NJJN on-line Greater Middlesex County Feature

Educator brings a magic touch to event on faith and spirituality

Harry Houdini may have been a rabbi’s son, but many would agree that there’s nothing particularly Jewish about stage magic.

And yet to Arthur Kurzweil, that’s just, well, an illusion.

The author and Jewish educator thinks both magic and Judaism require a faith in the unknown and an inquisitive and open mind. (And that’s not even to mention the Jewish prestidigitators who left their mark on the craft.)

“When I perform magic, the theme is always concerning questions of how the mind works, how do we perceive the world, what does it mean to truly see,” said Kurzweil. “What if our first step in learning how to see, to really see, is to know that we don’t see everything?”

Kurzweil demonstrated his innovative exploration of “eternal Jewish spiritual ideas” at a Jan. 7 program, “Searching for God in a Magic Shop,” at the Jewish Community Center of Middlesex County in Edison.

As Kurzweil performed tricks with a deck of cards, numbers, and postage stamps, he tied each into a discussion about a concept in Torah, Talmud, or Jewish history.

He also presented the audience with an overview of the Jewish influence on stage magic. While Jewish tradition frowns on magic and wizardry, rabbinic law permits sleight of hand as long as the entertainers make no claims about having special powers.

Even the most famous phrase in stage magic — “abracadabra” — has Jewish roots. Kurzweil said the incantation is a corruption of the Aramaic phrase avra k’dabra, meaning “I will create as I speak” and was probably a reference to God’s great “trick” of creating the universe.

And of course there was Houdini, born Ehrich Weiss, the son of a Hungarian rabbi who brought his family to Appleton, Wis. The famed escape artist is “buried in a Jewish cemetery in Queens,” said Kurzweil.
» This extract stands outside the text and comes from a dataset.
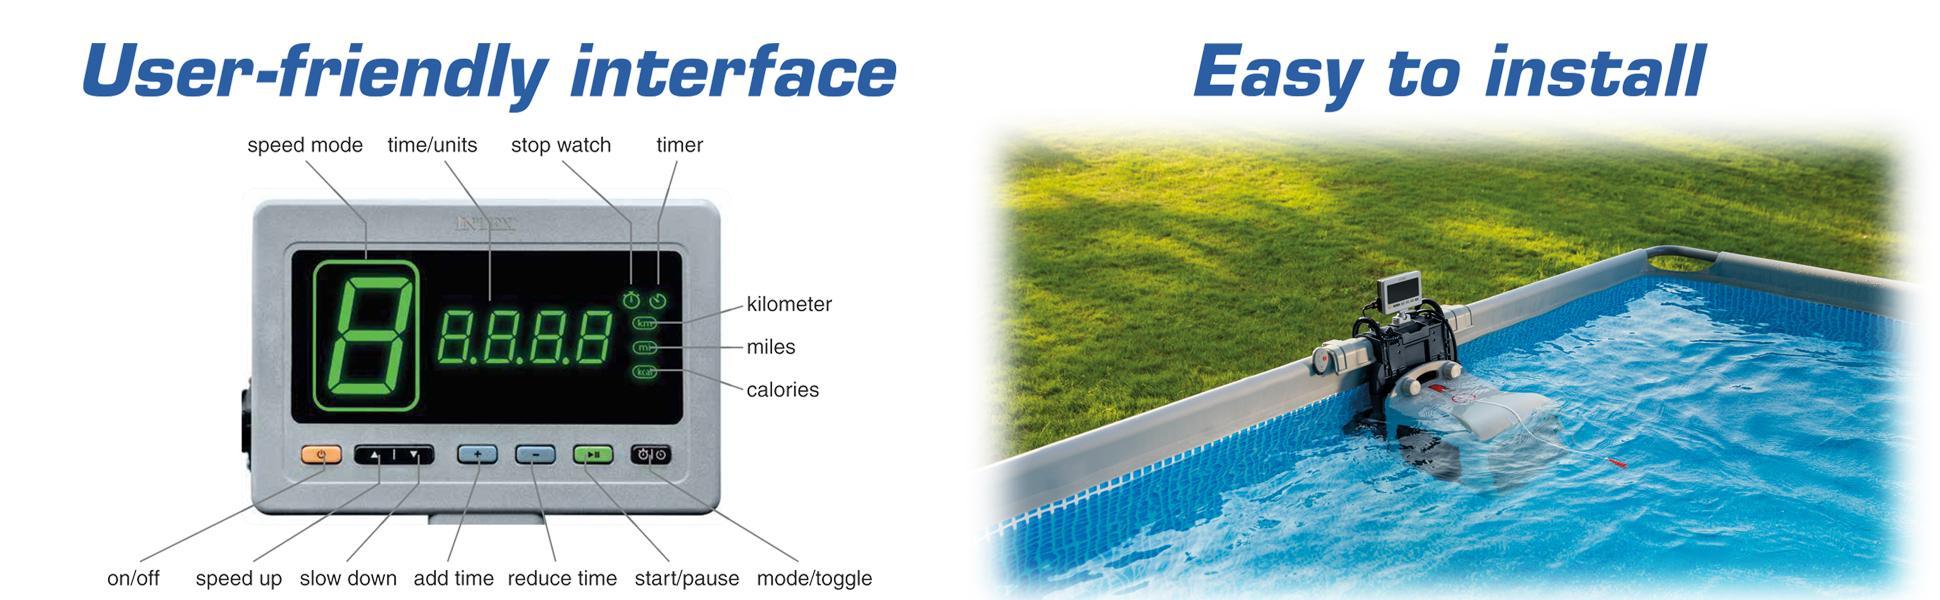 Intex Hydro Flow Swim Trainer
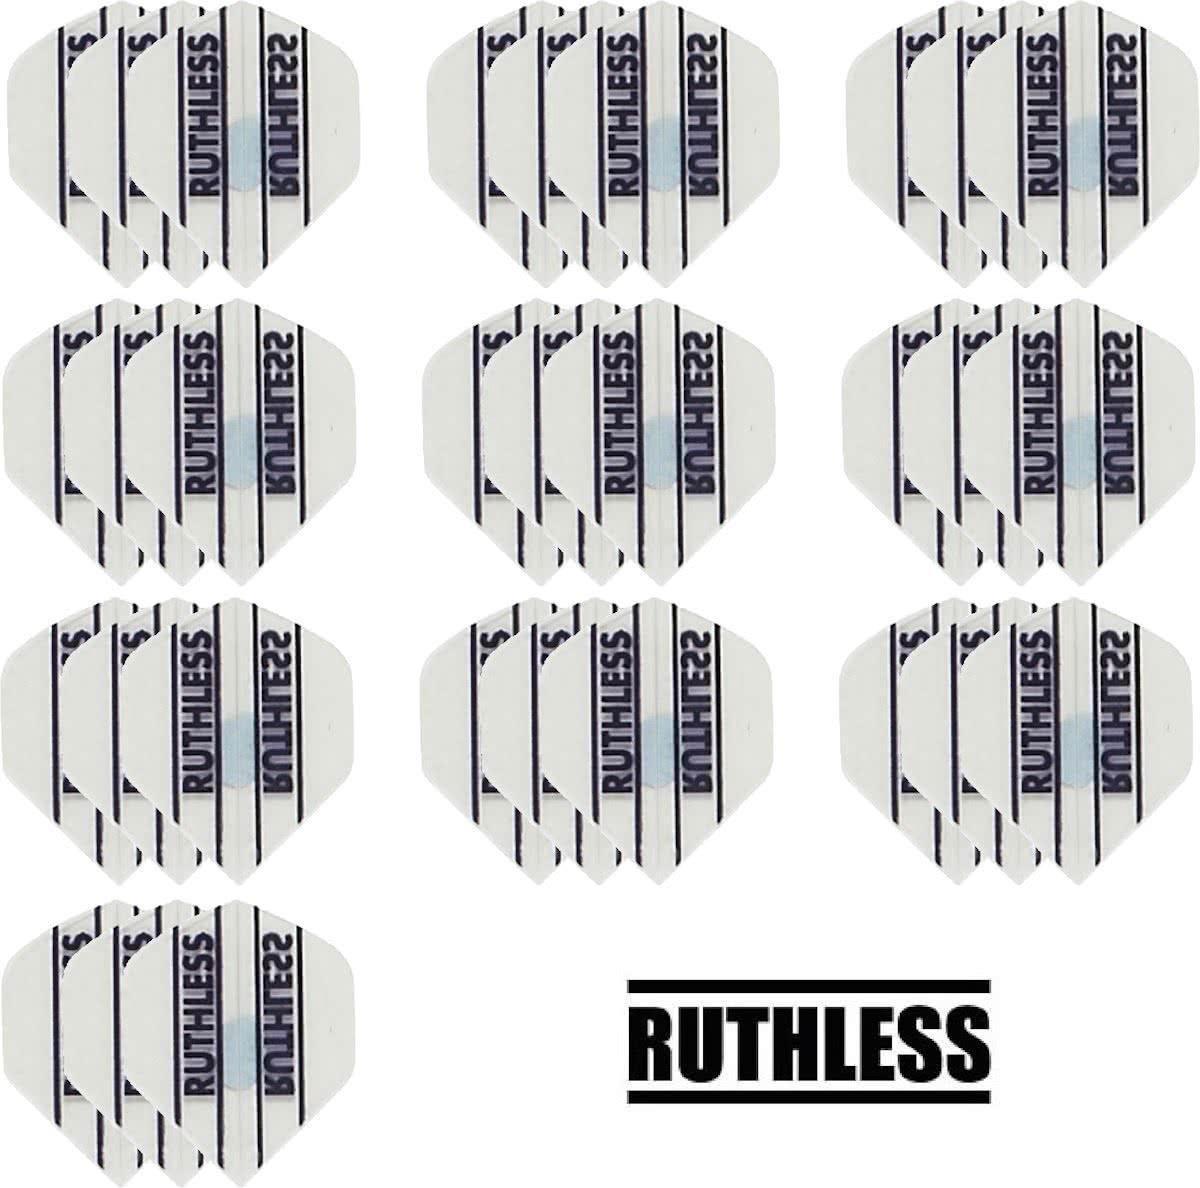 Dragon darts - 10 Sets (30 stuks) - Ruthless - sterke flights - Wit - darts flights

A member of the Society of American Magicians — founded by Houdini — and the International Brotherhood of Magicians, Kurzweil has written for the journal Genii: The Conjurers’ Magazine.

He said he has been interested in magic since his father took him to a store to purchase a costume for his third-grade play and he spotted some magic tricks on the counter.

As a Jewish educator, Kurzweil is the author or editor of 30 books, including The Encyclopedia of Jewish Genealogy, Kabbalah for Dummies, and the recently published On the Road with Rabbi Steinsaltz, about his friendship with renowned talmudist Adin Steinsaltz.

Kurzweil’s Jewish and magical sides combined as he discussed one of his favorite books, Steinsaltz’s The Thirteen Petalled Rose. As he explained Steinsaltz’s thoughts on the different levels of angels in the four kabalistic worlds and how the mitzvot we do create and energize them, Kurzweil called up Jennine Shpigel, the JCC’s director of Jewish and family programming.

While a copy of the Steinsaltz book — sealed in a plastic bag “to prevent fingerprint smudges” — was being circulated through the audience, Kurzweil asked Shpigel to select a card from a deck he was shuffling. She chose the four of hearts, which Kurzweil held up for the audience to see. He then asked the audience member who had the bag to unseal it and remove the book and shake it. Out dropped the four of hearts.

Eleven-year-old Jacob Siegel of East Brunswick was impressed. “It’s really cool and interesting to find out how magicians do things,” he said. “It’s tempting to try and figure out how they do it.”

For Kurzweil, however, knowing the secret behind a trick or illusion would strip it of its magical properties, just as fully understanding the workings of God would eliminate the need for faith.

“We are told if we study Torah and Talmud everything is in there,” said Kurzweil. “It’s a thoughtful idea. Everything is for the best, but we don’t see everything.”